Tony and I were fortunate to meet no monks and went on our way undisturbed. We paddled on below the eastern cliffs of Holy Island, which bear witness to the geological forces that created the Earth. The old red sandstone at the base of the cliffs is 400 million years old and was formed when Holy Island was part of the Old Red continent, which was then situated on the equator. In comparison our own species is a mere 200,000 years old yet we think we own the Earth. We pondered on the nature of it all. We wondered why the monks seem so possessive of this wonderful island, which was a Holy Island to Christians for 1200 years before they bought it. What is their intention or motivation for wishing to close the island? What is the nature of their attachment to the land? Are they aware that whatever their motive they are not above the Scottish Land Reform Act?

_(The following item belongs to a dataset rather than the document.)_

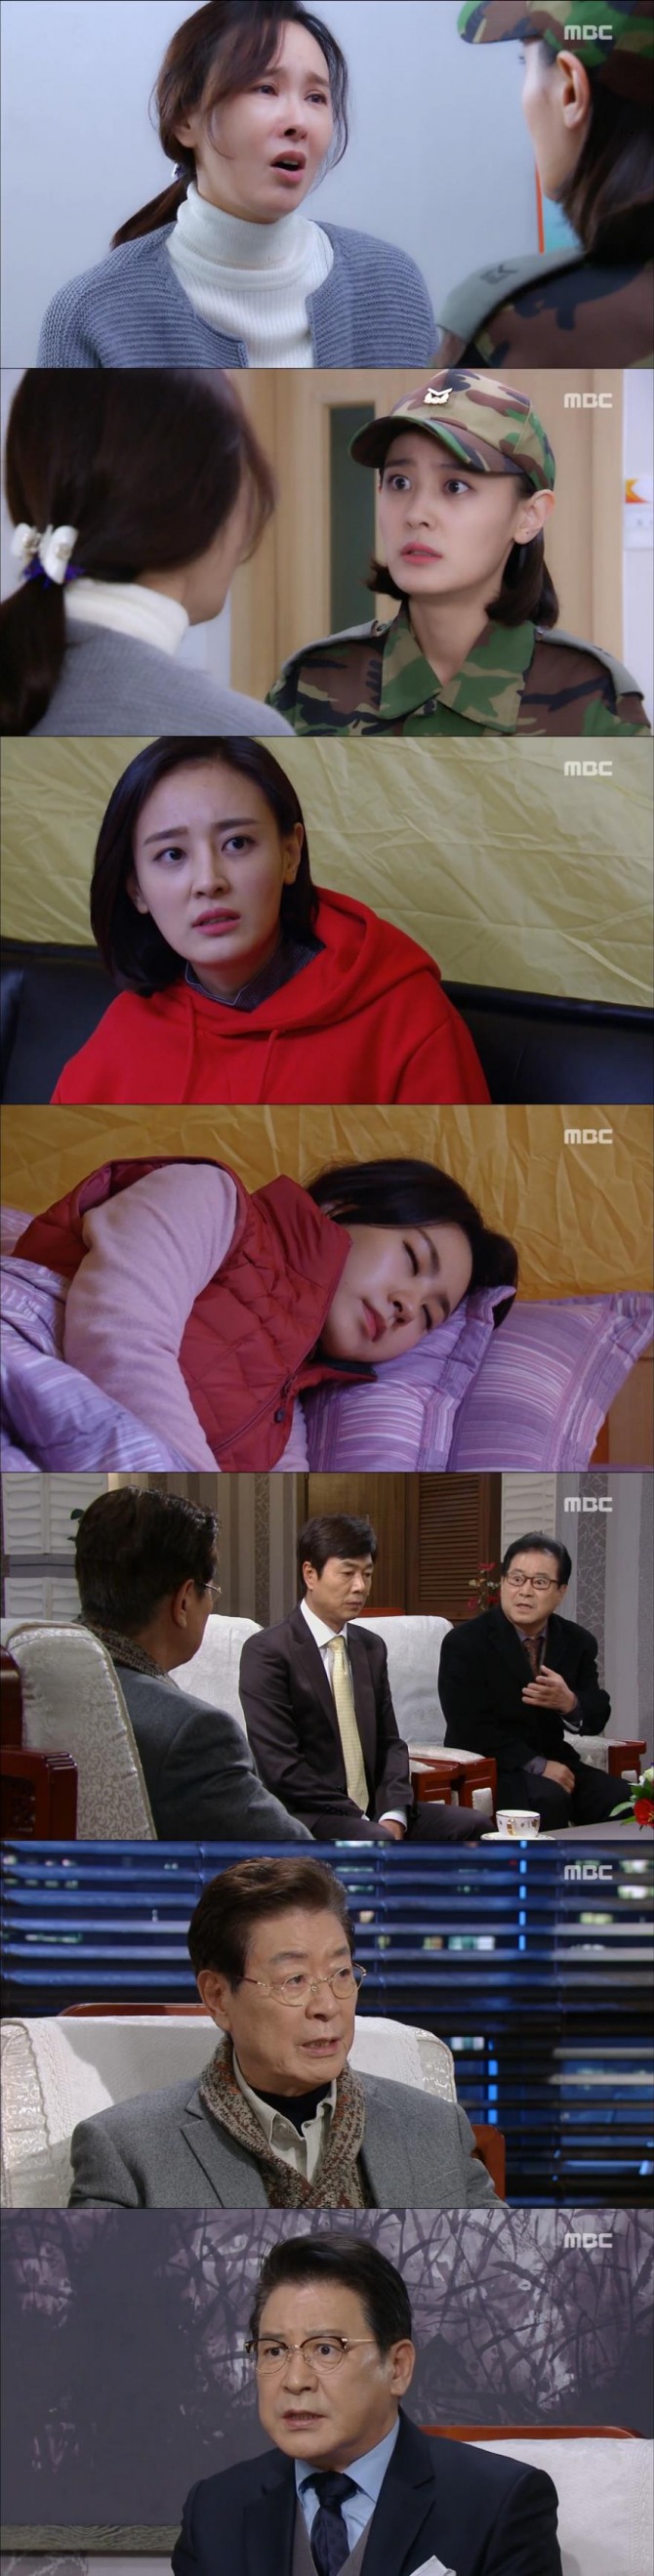 18일 방송된 MBC 아침드라마 '언제나 봄날'에서는 보현(이유주)의 친엄마가 주세은(김소혜)라는 충격적인 사실이 드러났다./사진=MBC 방송 캡처

Whatever, Tony and I concluded that the way to enlightenment through sea kayaking was for us closer to the truth than the way of any organised religion that seeks ownership and control. The ancient rocks of Holy Island will outlast mankind and then all of human enlightenment will be less substantive than a single grain of old red sandstone.
We paddled on and for the rest of our trip observed Scotland's Forbidden Island of Holy Island only from the sanctuary of the sea. This blog is the only (transient) evidence of our visit and passing.